Colin Kaepernick has a job that society wants done. (Apparently. I don’t understand sports fandom myself.) Police officers and teachers have jobs that society needs done. All three of these jobs take a lot of training to do well. But only one of them is well-paid. Why is it that we are willing to pay so much more for what we want than for what we need?

Kaepernick makes an obscene amount of money for what he does — according to USA Today, $11.9 million. According to salary.com, the median salary of a police officer is $52,910 and of a secondary school teacher (like me) is $47,198.

I imagine it takes quite a bit of training to be a quarterback (that’s what Kaepernick is, right?) and I know it takes a lot of training to be a teacher (mostly done at our own expense). I’ve read varying accounts of how much training police officers get, but from what I have read, it’s not nearly enough.

Whittingham discovered police officers in Nordic countries are required to receive at least two full years of nonstop, university-style classroom training before they become officers.

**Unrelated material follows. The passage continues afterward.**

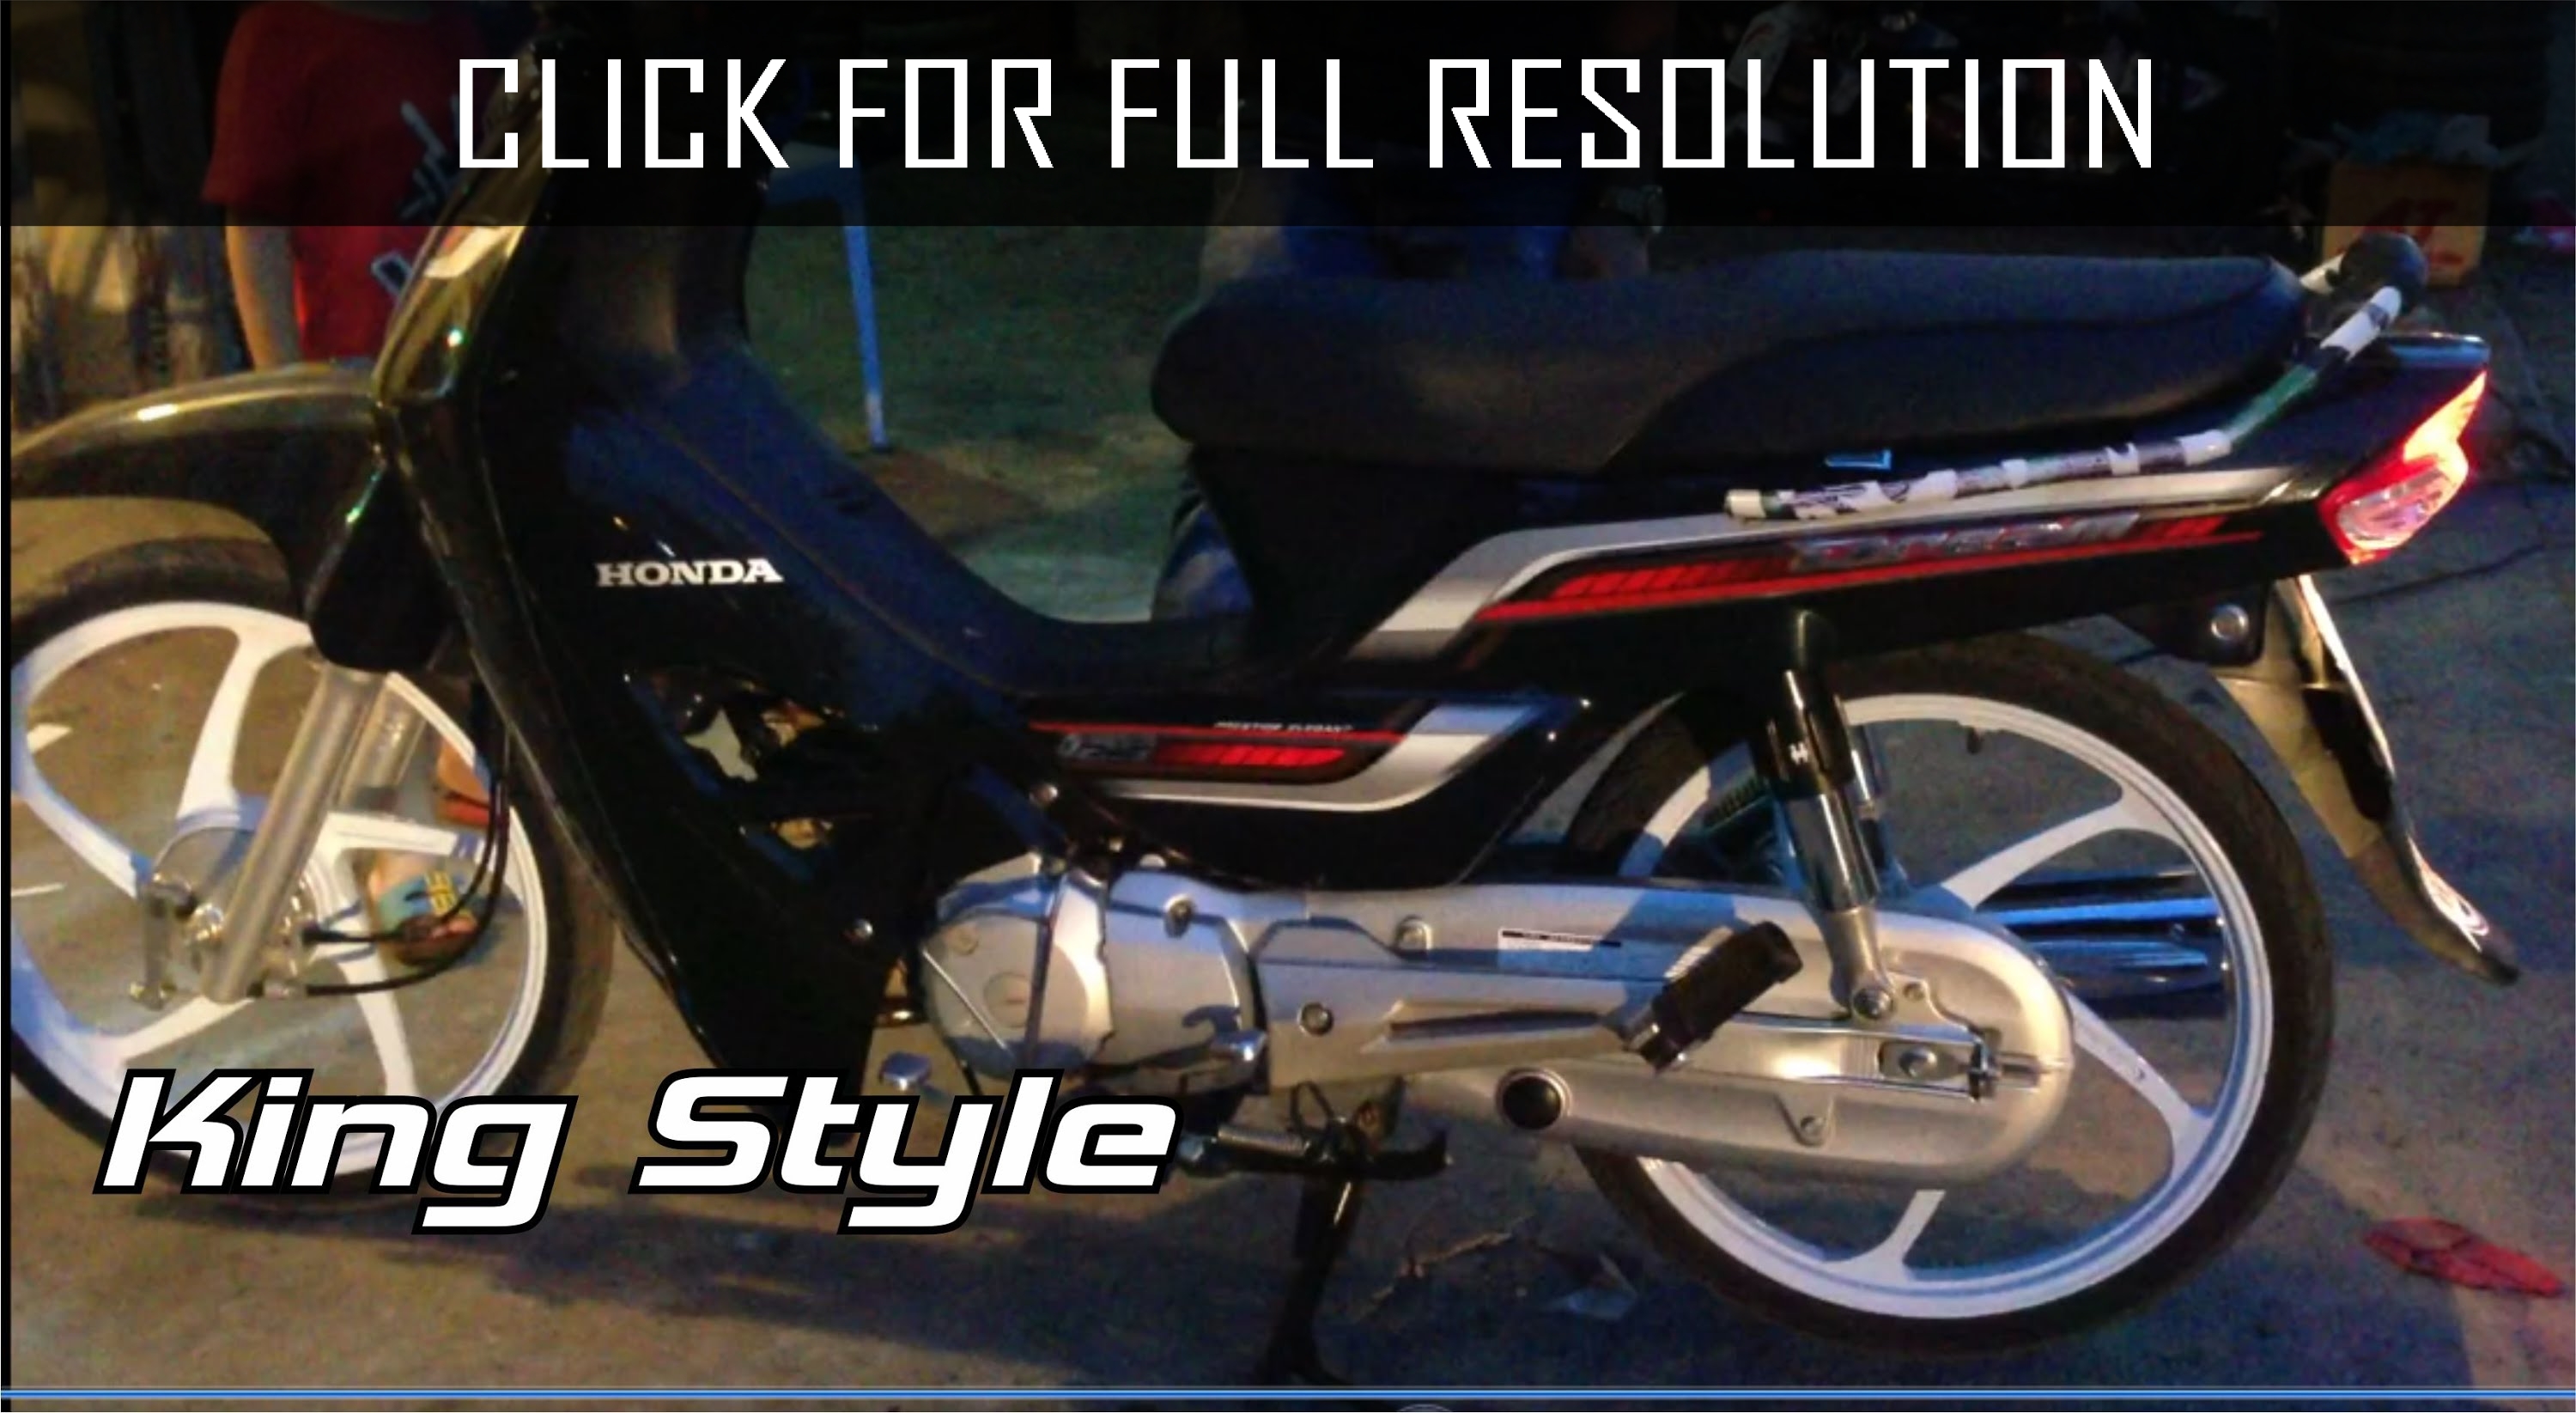 Honda Dream 125cc 2014

In California, police are required to complete 833 hours (that’s 21 weeks) of training. That’s on the longer side for most states in America, but wouldn’t even equal a single semester of the 104 weeks required in Norway.”

I know that teaching is stressful, and teenagers can push buttons that make adults do and say things they know they shouldn’t. It’s hard to have self-control when you’re tired and you’ve had new requirements added to your job. It’s demoralizing when everywhere you turn people are criticizing your profession.

How much more difficult and stressful is it when your job includes risking your life? How much more challenging is self-control when you carry a gun?

We may think that the police should have been abiding by certain humane practices all along, but we know they haven’t. For example, Officer Karl Thompson Jr. was given 51 months for the death of Otto Zehm, a mentally challenged man in Spokane.

“Standing over him, Thompson fired Taser probes into Zehm’s chest, then smashed him with at least seven more baton strikes. Several other officers hogtied Zehm and held him on his stomach. Zehm ended up in a coma and died two days later after his ventilator was turned off. His last words in the store: ‘All I wanted was a Snickers bar.’ Thompson would later say he felt threatened by Zehm’s soda bottle.”

Things like this shouldn’t happen. But if we want better policing (and better teaching) we are going to have to value teaching and policing the way we do quarterbacking. We can’t expect people to do well on jobs which are crucial to our society without improving their training and compensation

The Seattle Times reports that U.S. District Judge Robart said he wouldn’t let the Seattle Police Union hold the city “hostage” by linking wages to constitutional policing. It doesn’t seem to me to be unreasonable to ask for compensation when your job has new requirements. Teachers shouldn’t have to pay for the schooling they are required to get to maintain their certificates. Police officers should not have to give up anything to get the training they need — and the down time they need — to do their jobs effectively.

They can do their jobs better, and they must. Shaun King has a 25-part series on how that can happen. It needs to start NOW.

We’ll all benefit in the end from well-prepared teachers and officers — far more than we will from a winning football team.